Draft Bill lowers to 13 years old. Article 7 of the Spanish Data Protection Draft Bill states that minors above 13 years old can effectively give their consent for the processing of their personal data. The processing of personal data from children under 13 requires the consent from parents or guardians.

Special rules for special categories of data
According to Article 9 of the Spanish Data Protection Draft Bill, individual's consent will not serve as legitimate ground for processing ideological, trade union membership, sexual orientation, religion, beliefs or ethnic origin data. Additional grounds are needed.
The Spanish Data Protection Draft Bill states that the exclusions for the processing of special categories of personal data contained in Article 9.2 g), h) and i) of the GDPR shall be based on a law, which could establish additional requirements for their security and confidentiality.

Genetic, biometric or health data

Article 9 Data Protection Draft Bill, the law may enable the processing of data concerning health when required for the management of health care systems or the execution of an insurance contract to which the data subject is party.
Data Protection Draft Bill does not provide regulation for genetic and biometric data.

Designation of a Data Protection Officer

Article 34 of the Spanish Data Protection Bill requires to appoint a DPO in specific circumstances even if the GDPR does not require it. The companies that are required to appoint a DPO under the Bill are:

a) official associations of professionals and general councils of professionals;
b) educational centers offering regulated studies;
c) entities operating electronic communications networks and offering electronic communication services, as stated by the General Telecommunications Law, processing personal data on a large scale;
d) information society services providers carrying out data subjects' profiling activities on a large scale;
e) banks, credit unions and the Official Credit Institute;
f) private financial credit institutions;
g) insurance and reinsurance companies;
h) investment services companies;
i) energy and natural gas distributors and marketers;
j) entities in charge of creditworthiness data files and in charge of fraud prevention data files;
k) entities carrying out advertising and commercial research activities based on the data subjects' preferences or carrying out data subjects' profiling activities;
l) health facilities legally obliged to keep patients' medical histories;
m) entities carrying out business/credit reports regarding individuals;
n) entities offering gambling and gaming services by electronic, informatics, telematics or interactive means; and
o) private security companies and entities offering detective services.

The bill also regulates the DPO's intervention procedure in case of a complaint is brought before the supervisory authority.

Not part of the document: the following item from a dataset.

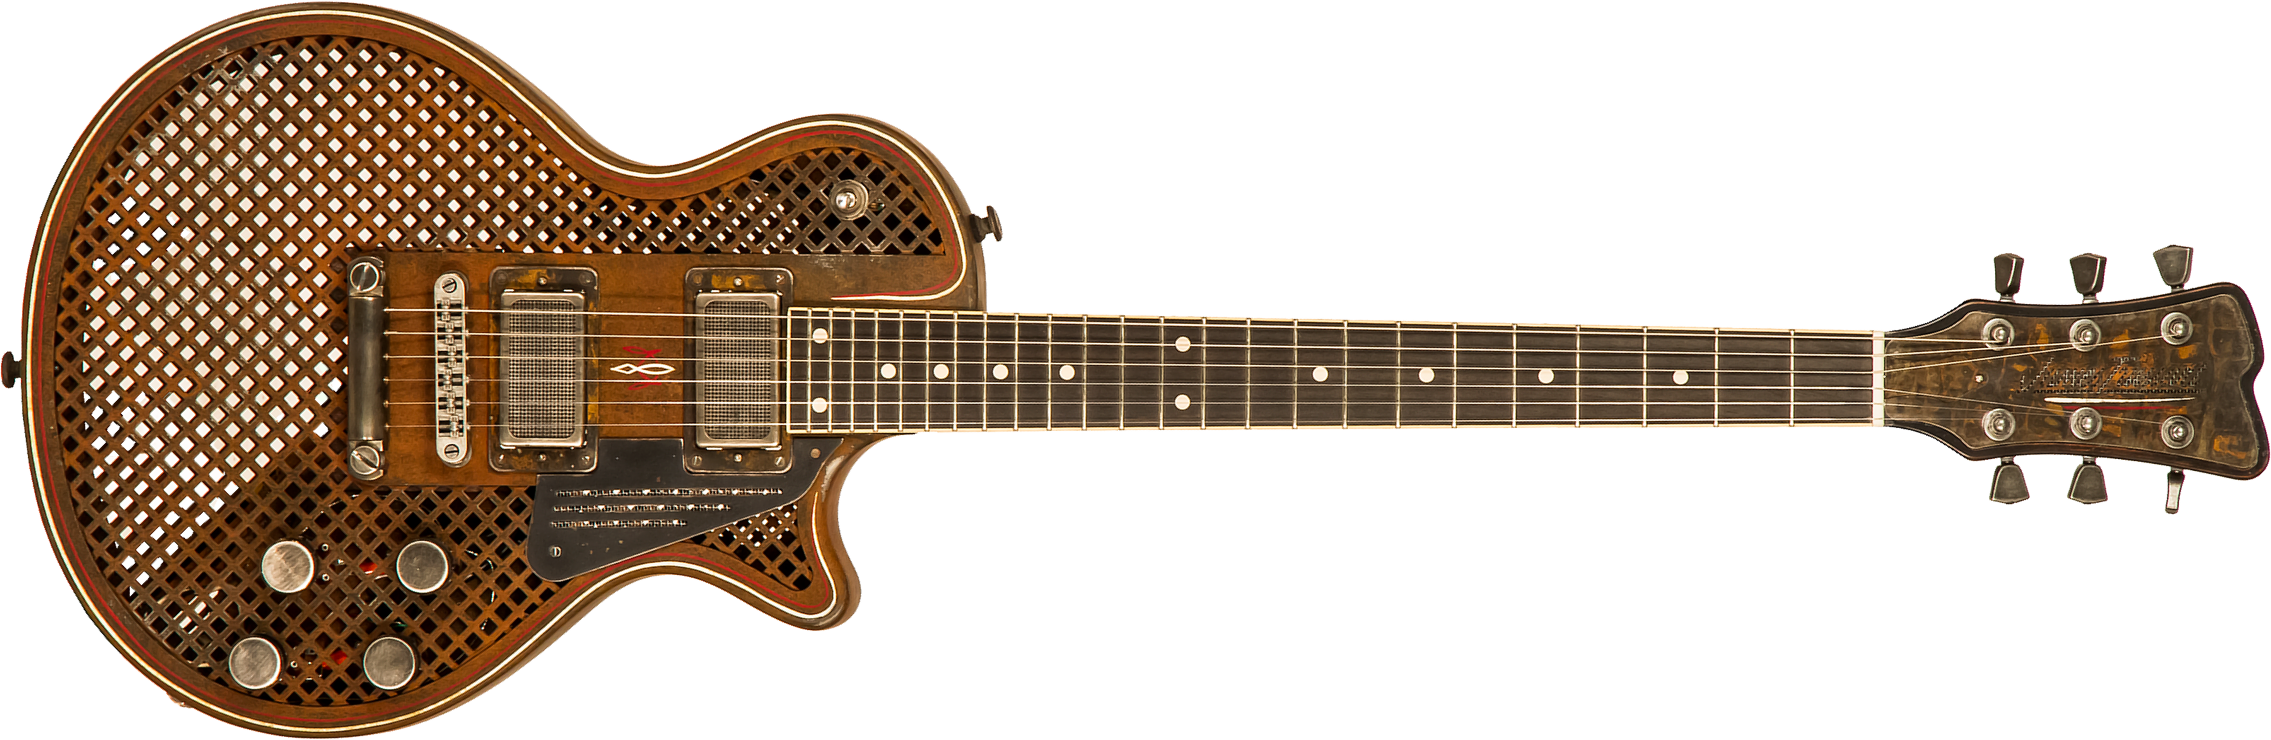 James Trussart Steeldeville Perf.front.back 2h Ht Eb #21179 - Rust O Matic Pinstriped Caged - Single-Cut-E-Gitarre - Main picture

National identification numbers/any other identifier of general application





Any other areas under discussion
I. Credit Information Systems
Article 20 of the Spanish Data Protection Draft Bill regulates the credit information systems. The processing of personal data by credit information systems in relation to a breach of financial, monetary or credit obligations will be lawful as long as the following including but not limited requirements are met:
a) The data have been provided by the creditor;
b) The data are related to a true, due and payable doubt;
c) The creditor has informed the data subject in their agreement or when claiming the payment about the possibilities of the debtor to be included in these lists; and
d) The data are kept in the system during a 5 years period and only as long as the breach is not remedied.

II. Data Processing Agreements
The data processing agreements executed before the 25th May 2018, will be effective during the term contained therein; in case of data processing agreements of indeterminate length, they will be effective four years after they were entered into.

III. Blocking of Personal Data
The draft allows data controllers to block personal data when the data subject has previously exercised the rectification or erasure right. Thus, the data controller may keep such personal data dully blocked during the statute of limitations of any liabilities that may arise as a consequence of the processing.